-- SOURCE DATA follows --

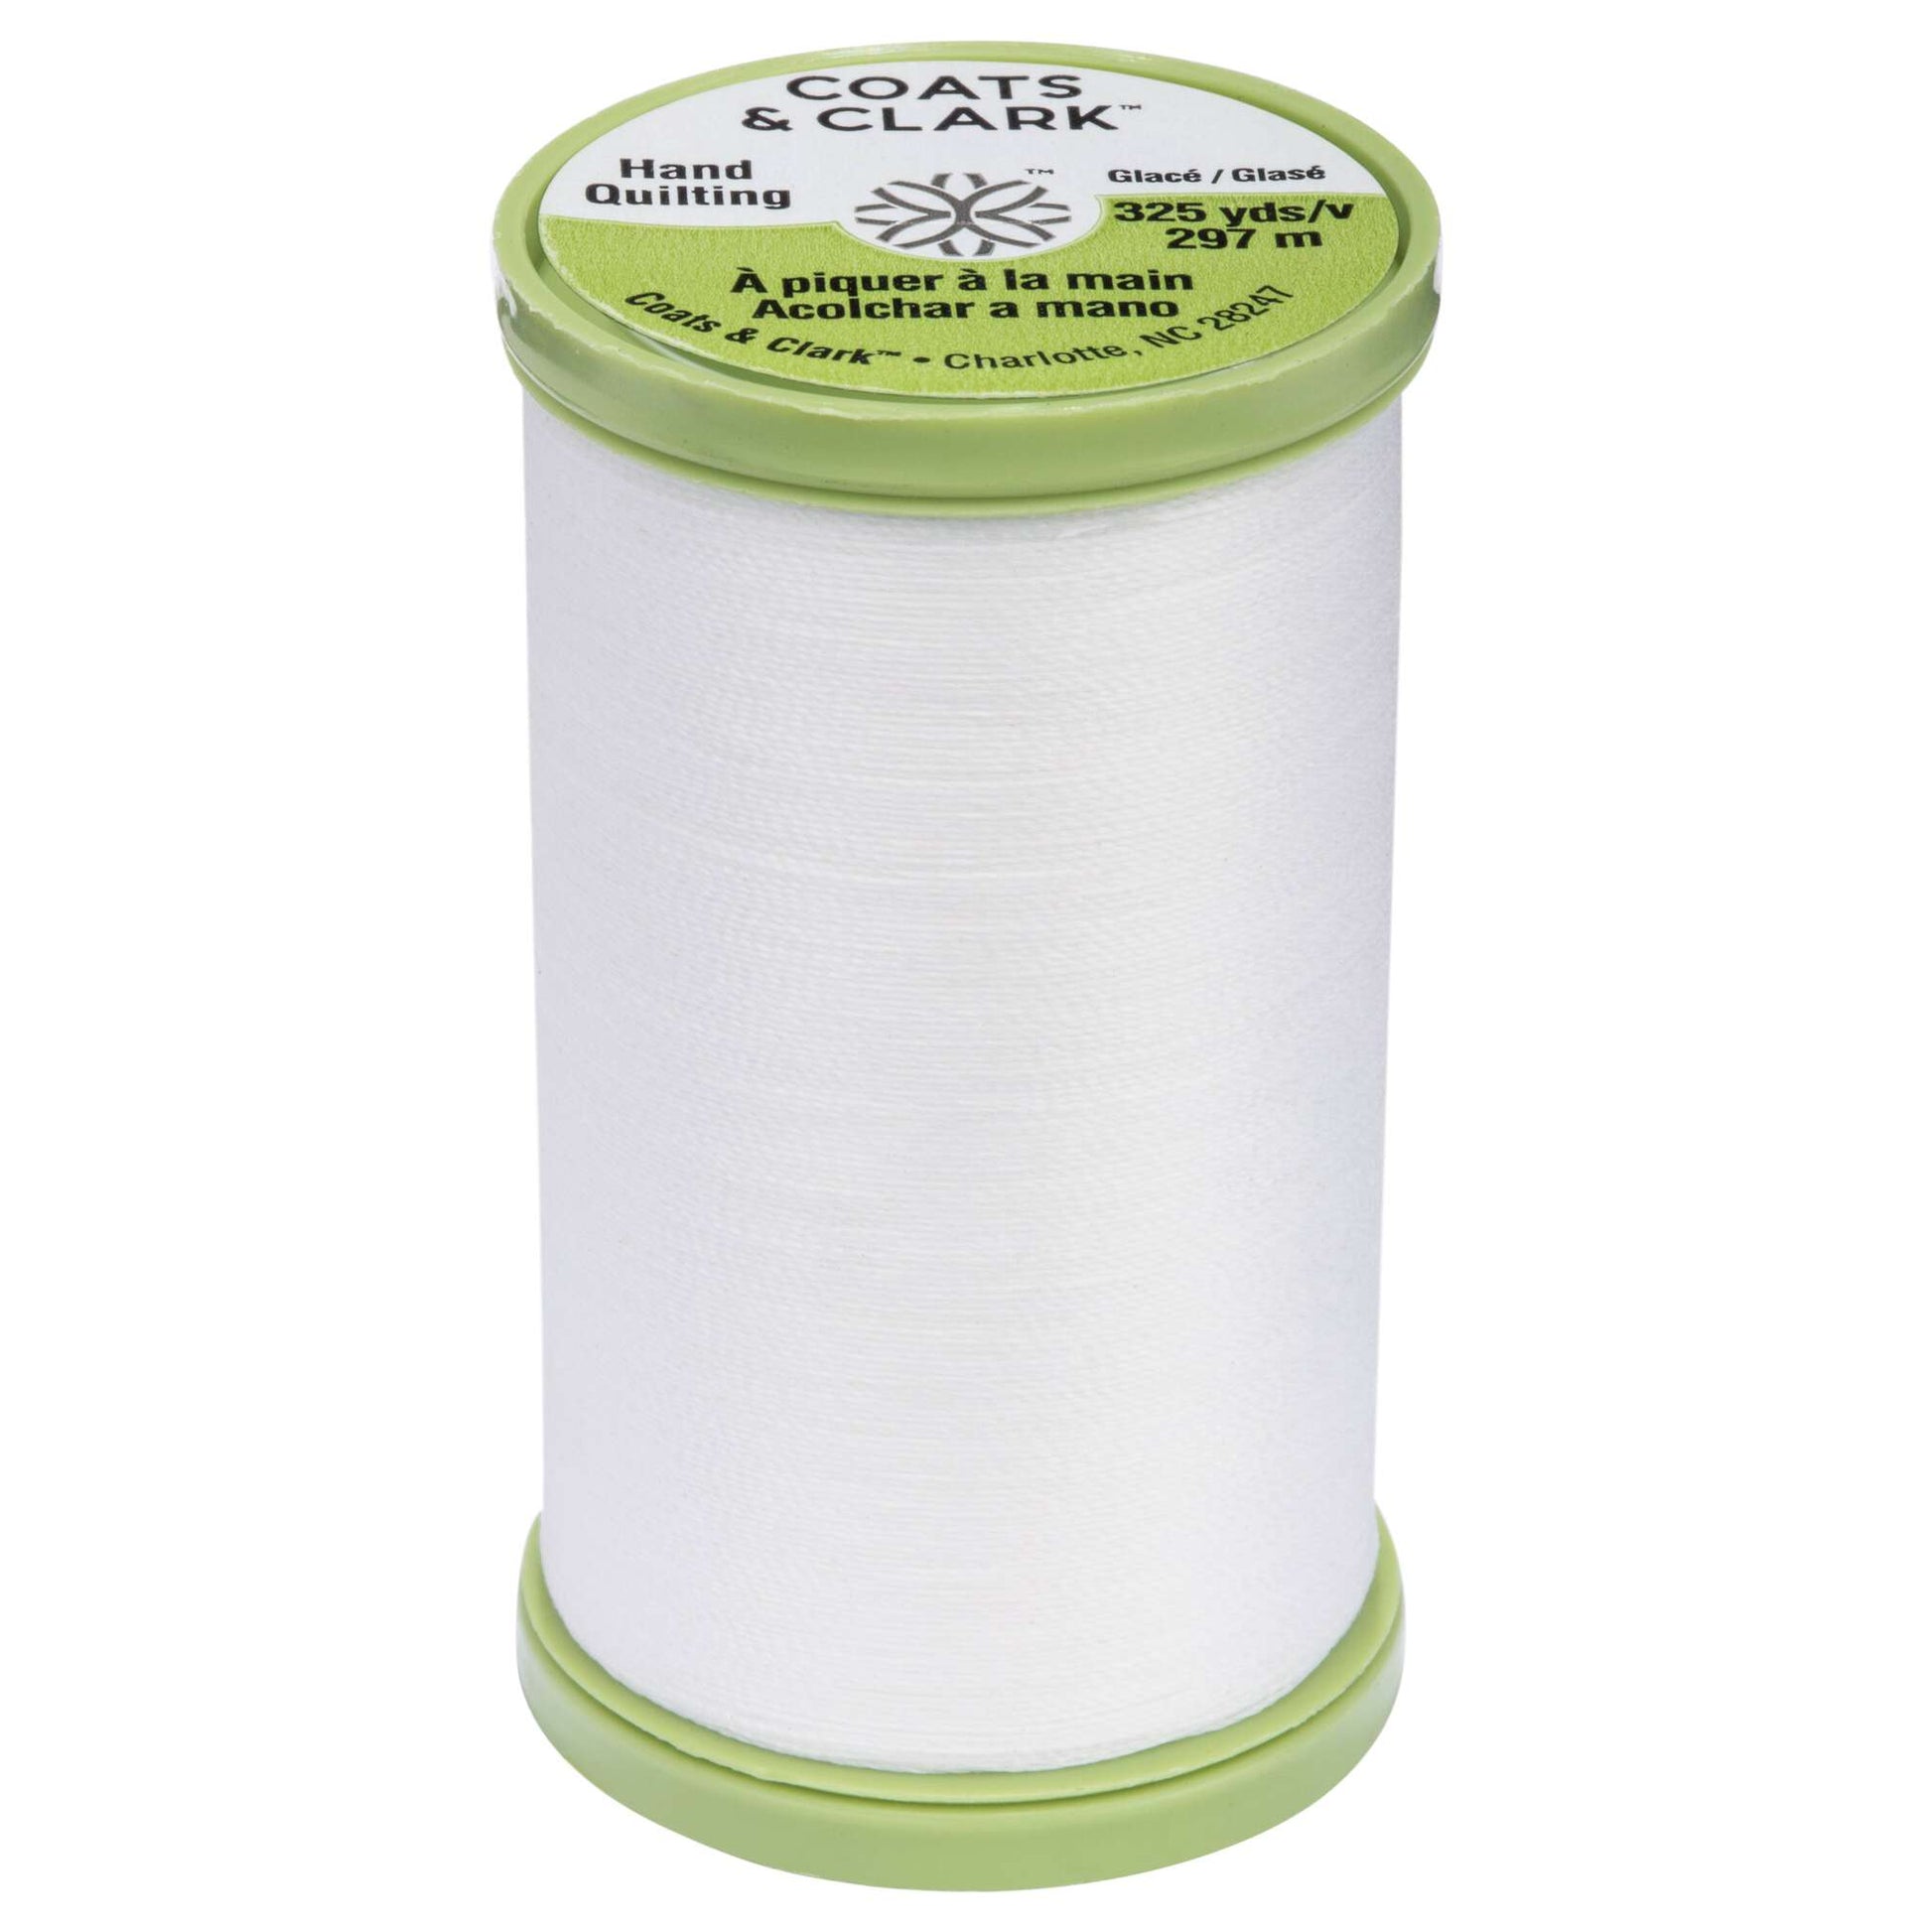 Pink - Dual Duty Plus Hand Quilting Thread 325yd - Coats
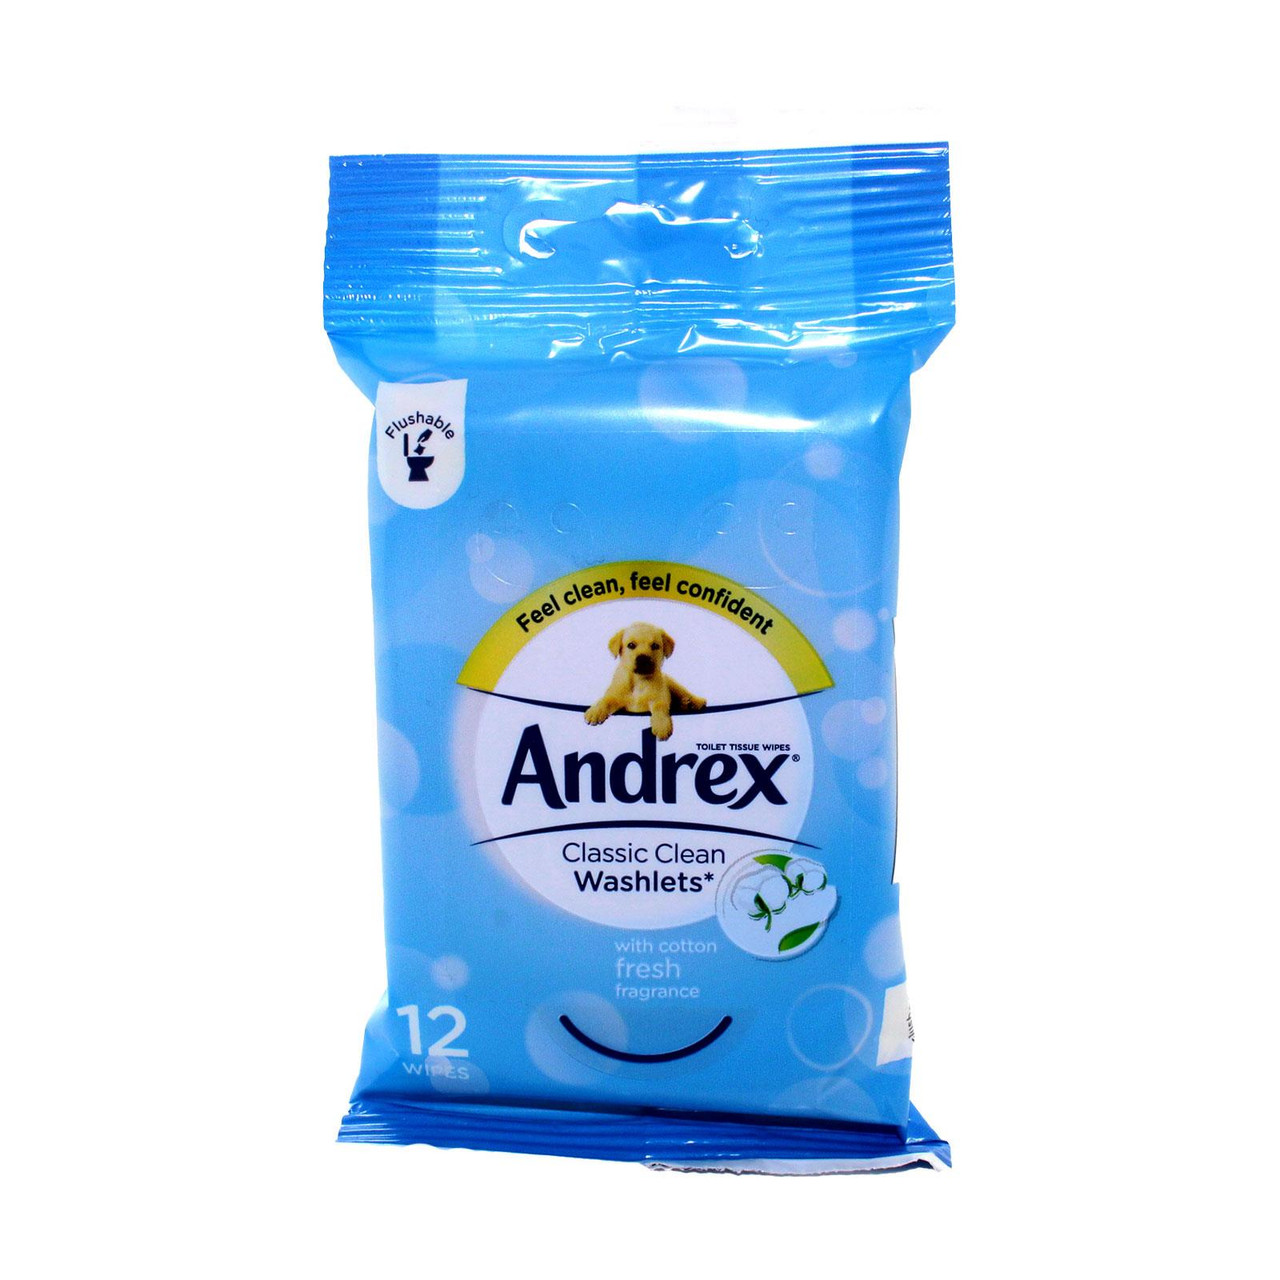 andrex washlets travel pack discontinued
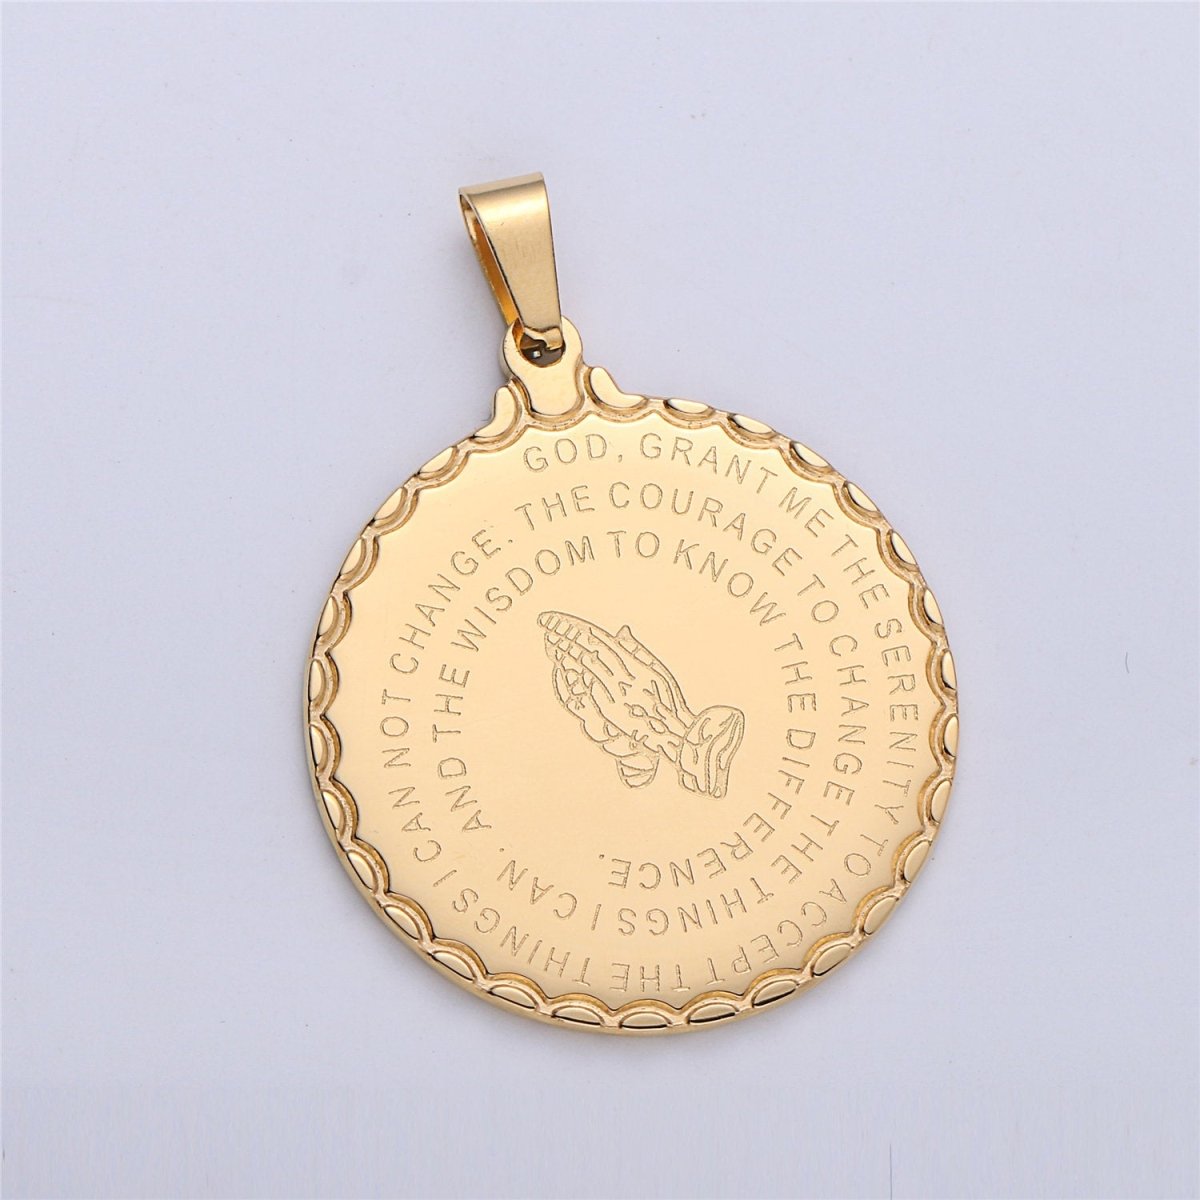 Gold Filled Double Sided Serenity Prayer & Lords Prayer Stainless Steel Charm - Lord grant me Coin Medallion Pendant Religious Jewelry J-724 J-727 - DLUXCA
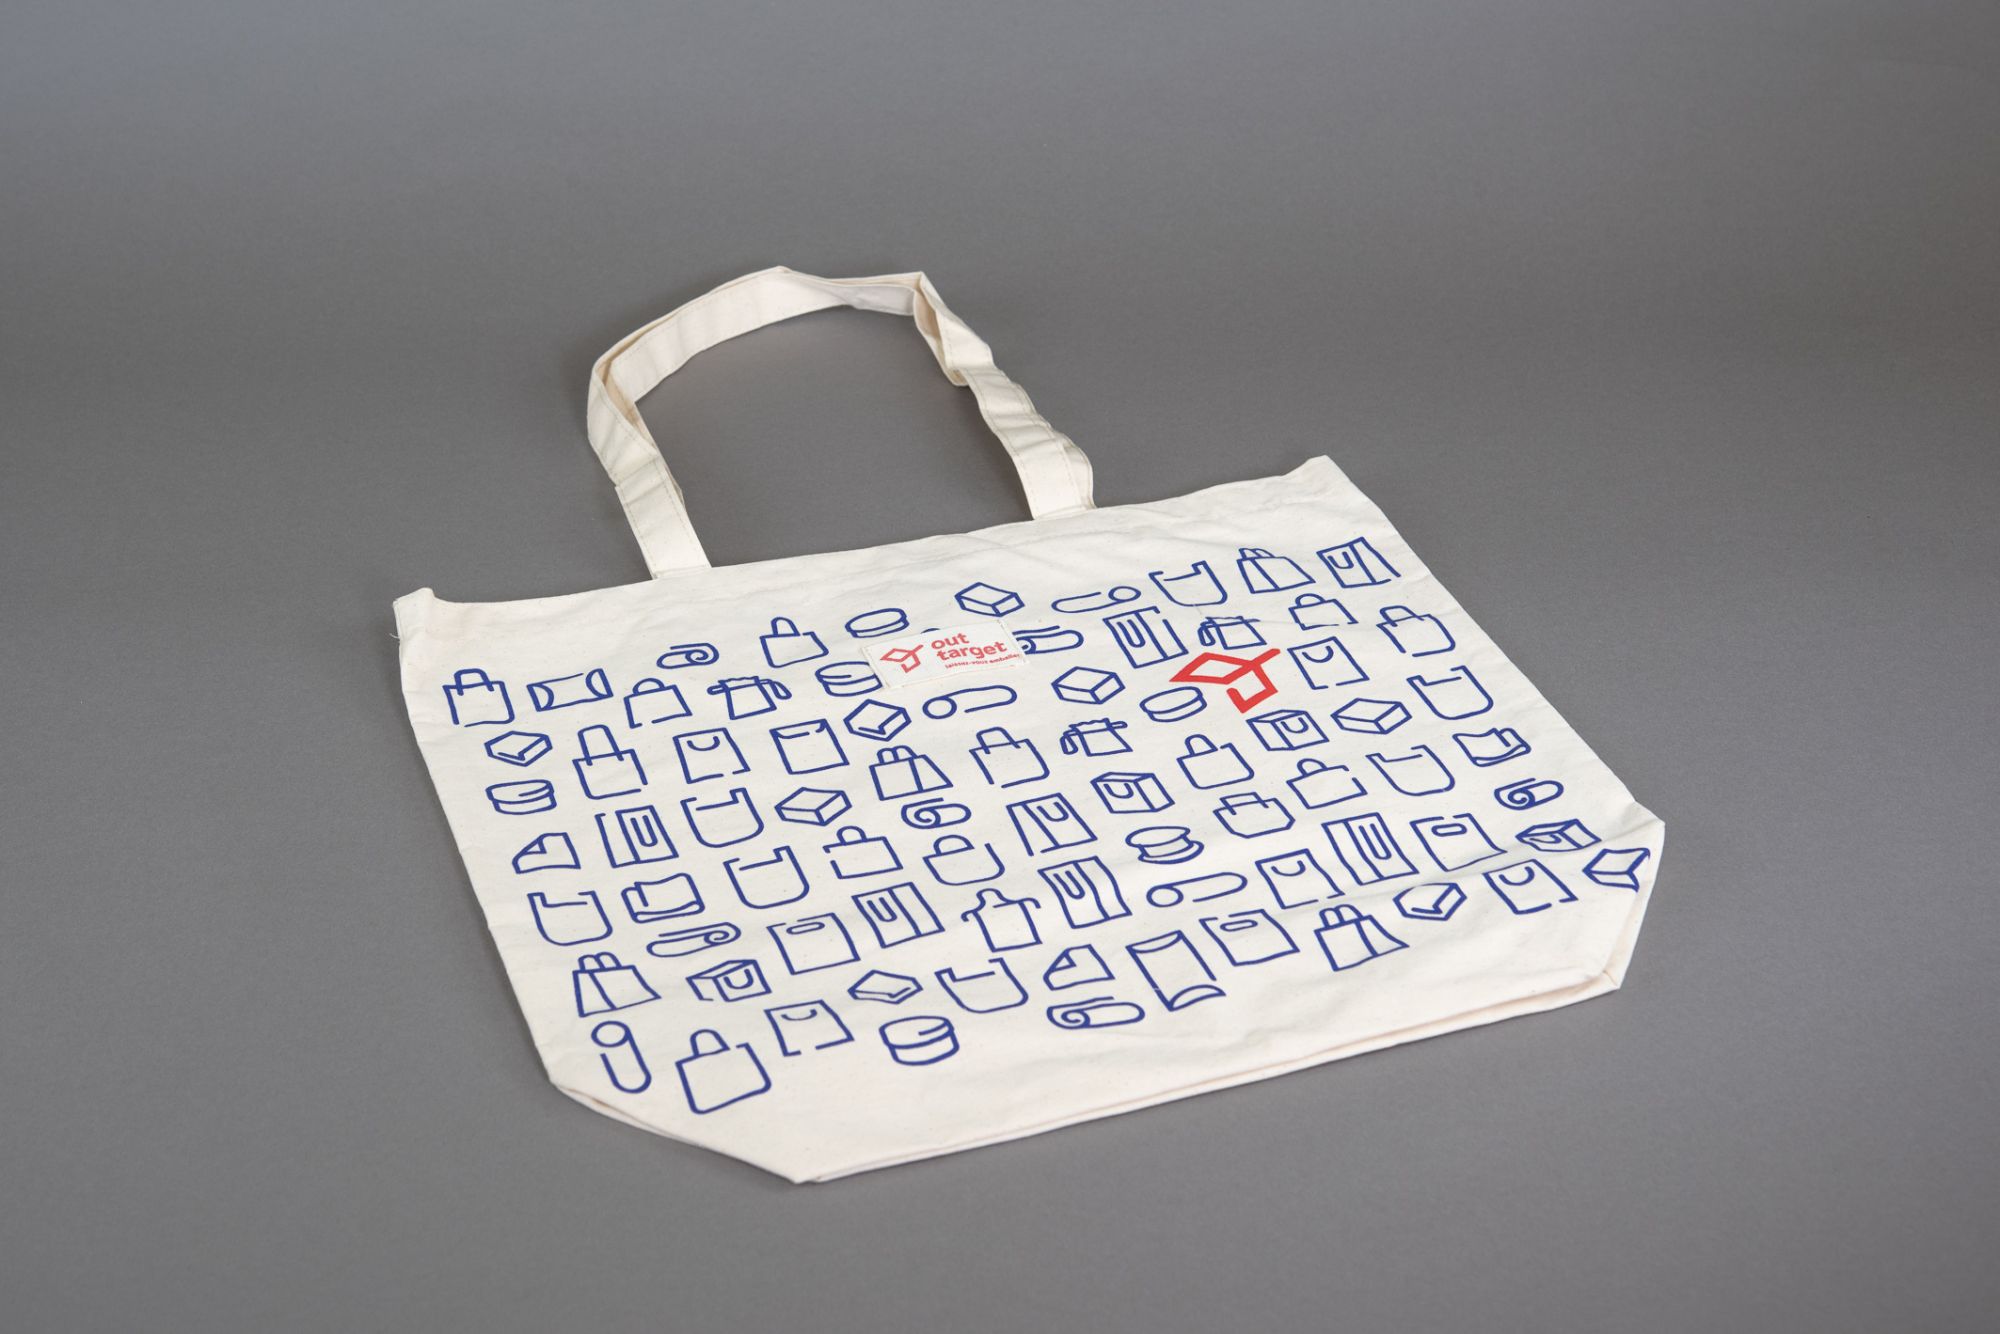 page=https://www.outtarget.com/Sac-coton-Tote-Bag-outtarget-art-42.html

-- SOURCE DATA concluded --

**PROBLEM**: Omit the pictures and repeat the rest of the listing verbatim.

**SOLUTION BELOW**:
 Pink - Dual Duty Plus Hand Quilting Thread 325yd - Coats
 andrex washlets travel pack discontinued
 Gold Filled Double Sided Serenity Prayer & Lords Prayer Stainless Steel Charm - Lord grant me Coin Medallion Pendant Religious Jewelry J-724 J-727 - DLUXCA
 page=https://www.outtarget.com/Sac-coton-Tote-Bag-outtarget-art-42.html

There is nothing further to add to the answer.